Android is the second phone platform by Rubin; his first platform was the Danger Hiptop, also written in Java. You can get a good idea of how it works there: it's much more user friendly than Windows Mobile, and it does all its synchronization over the air.
The biggest change is that Android is much more open: it will be open source, you can replace any part of the system you like, and do so safely. Most add-ons will likely be replacements of components (connection manager, file chooser, image chooser, etc.), rather than "applications". And, of course, synchronization will almost certainly be to Google's on-line services, with no desktop software required. -
Re:iPhone is a silly gimmick
The reason you don't see much criticism of the iPhone on Slashdot is because it isn't out yet. Seriously, why does a person like yourself have to waste energy making shit up about it?

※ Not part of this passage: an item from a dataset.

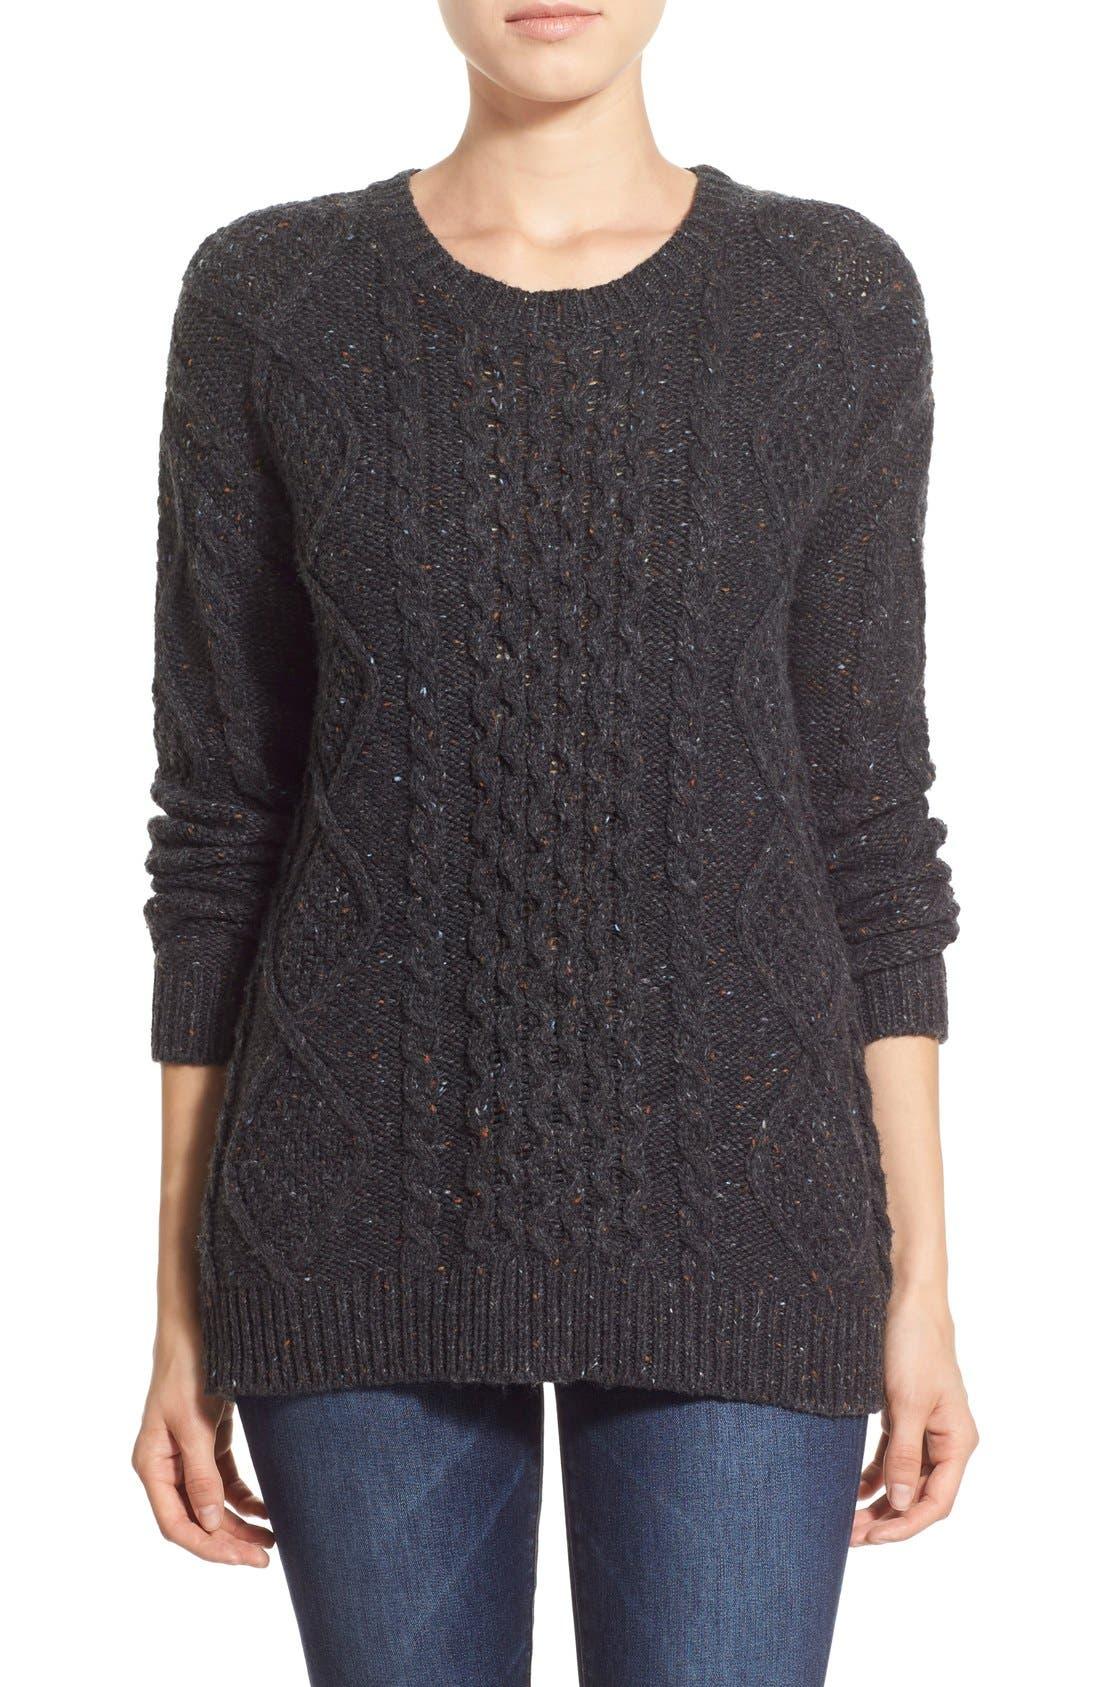 Treasure&Bond Cable Knit Sweater,                         Main,                         color, 020
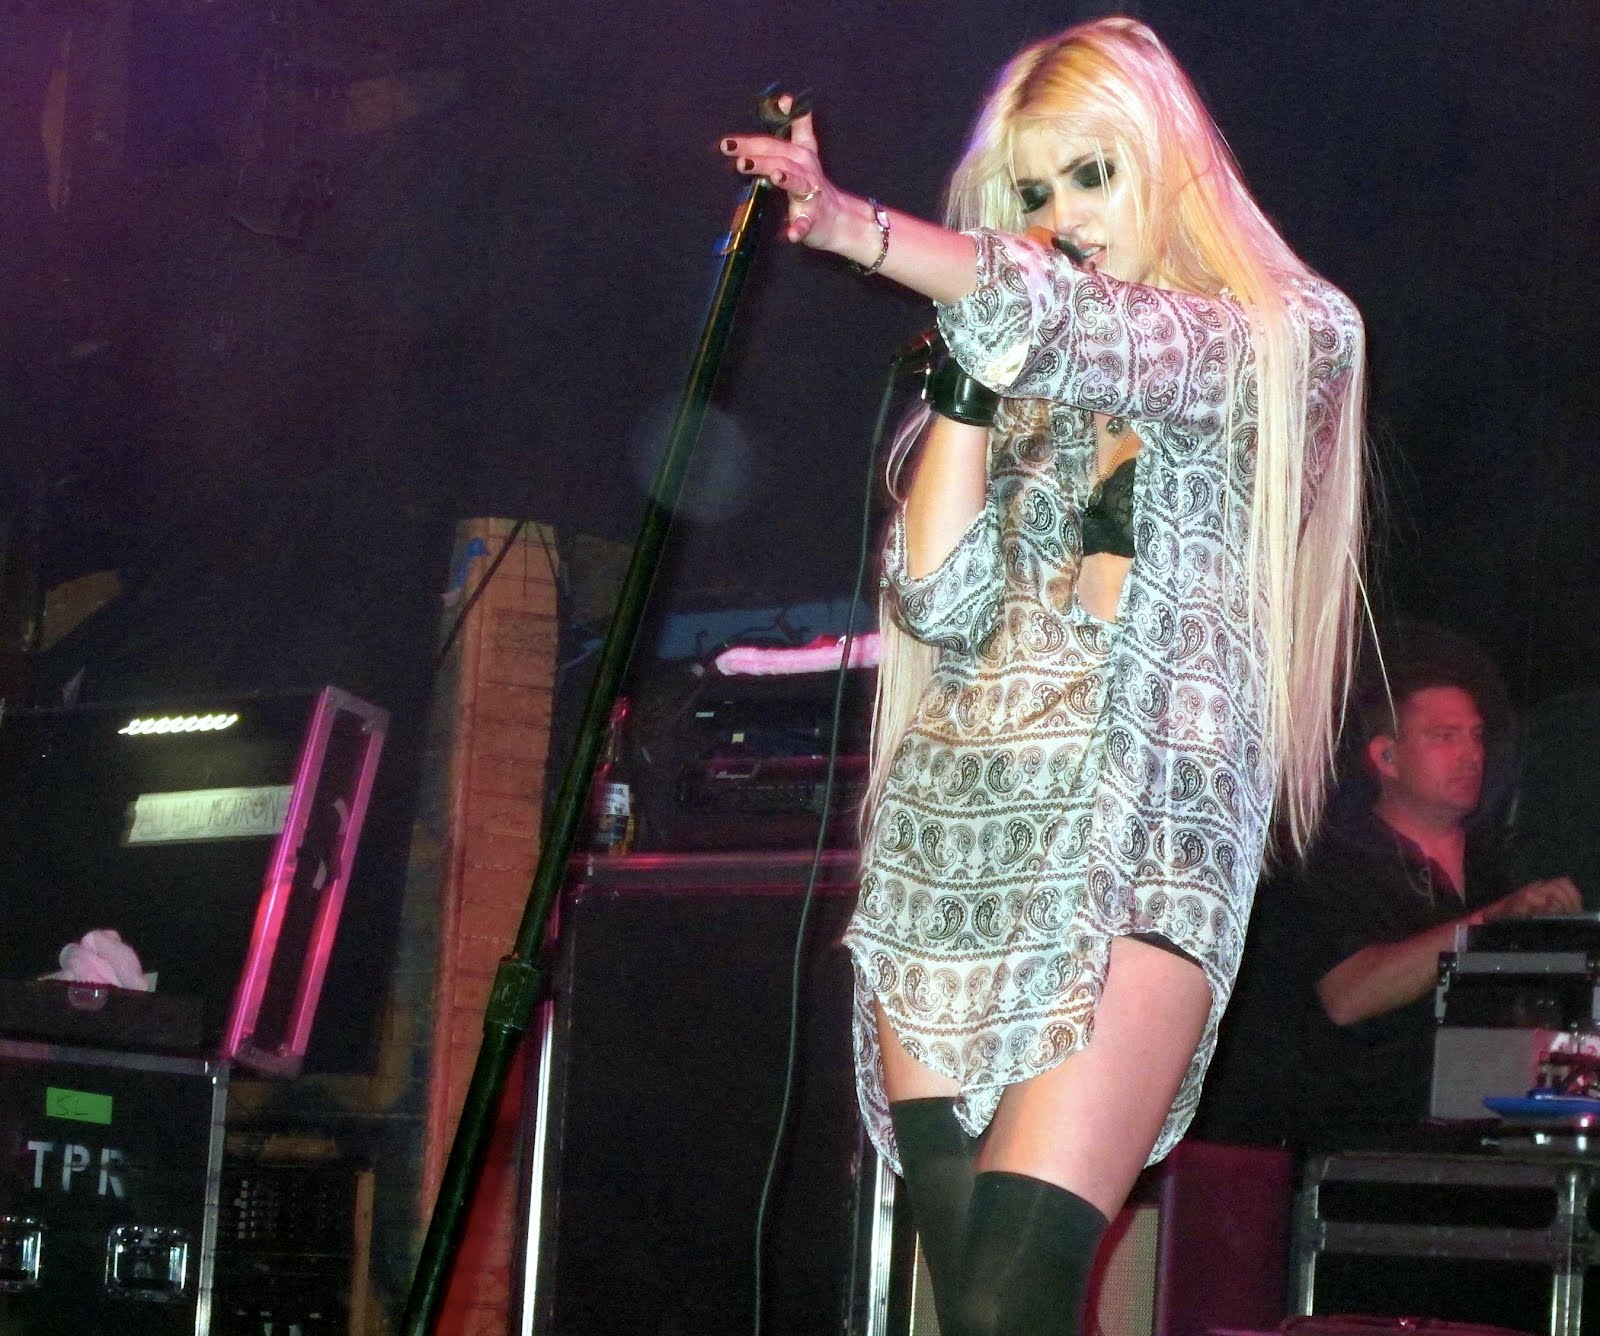 Celebrities Spy: Taylor Momsen Performs Live at House of ... Taylor Momsen Live

That one bug in the email sure is annoying. Too bad I can't try a different email app.
You're arguing that a hypothetical bug in an unreleased product makes Windows Mobile better?
I wish this thing played videos.
Uh, it does. Standard MPEG-4/h.264.
Will this thing ever support Flash?
Nobody in any position to know has said that it wouldn't, so again you're pulling out a strawman.
I contacted Apple for the 4th time about my need for PowerPoint support.
PowerPoint is a Microsoft product. Complaining to Apple would get you nowhere. Even if iPhone was completely open there's no reason to think that it would have PowerPoint support. If it were truly necessary to view presentations on your phone (who does this?), any decent presentation software is capable of exporting to standard formats such as PDF, which the iPhone supports.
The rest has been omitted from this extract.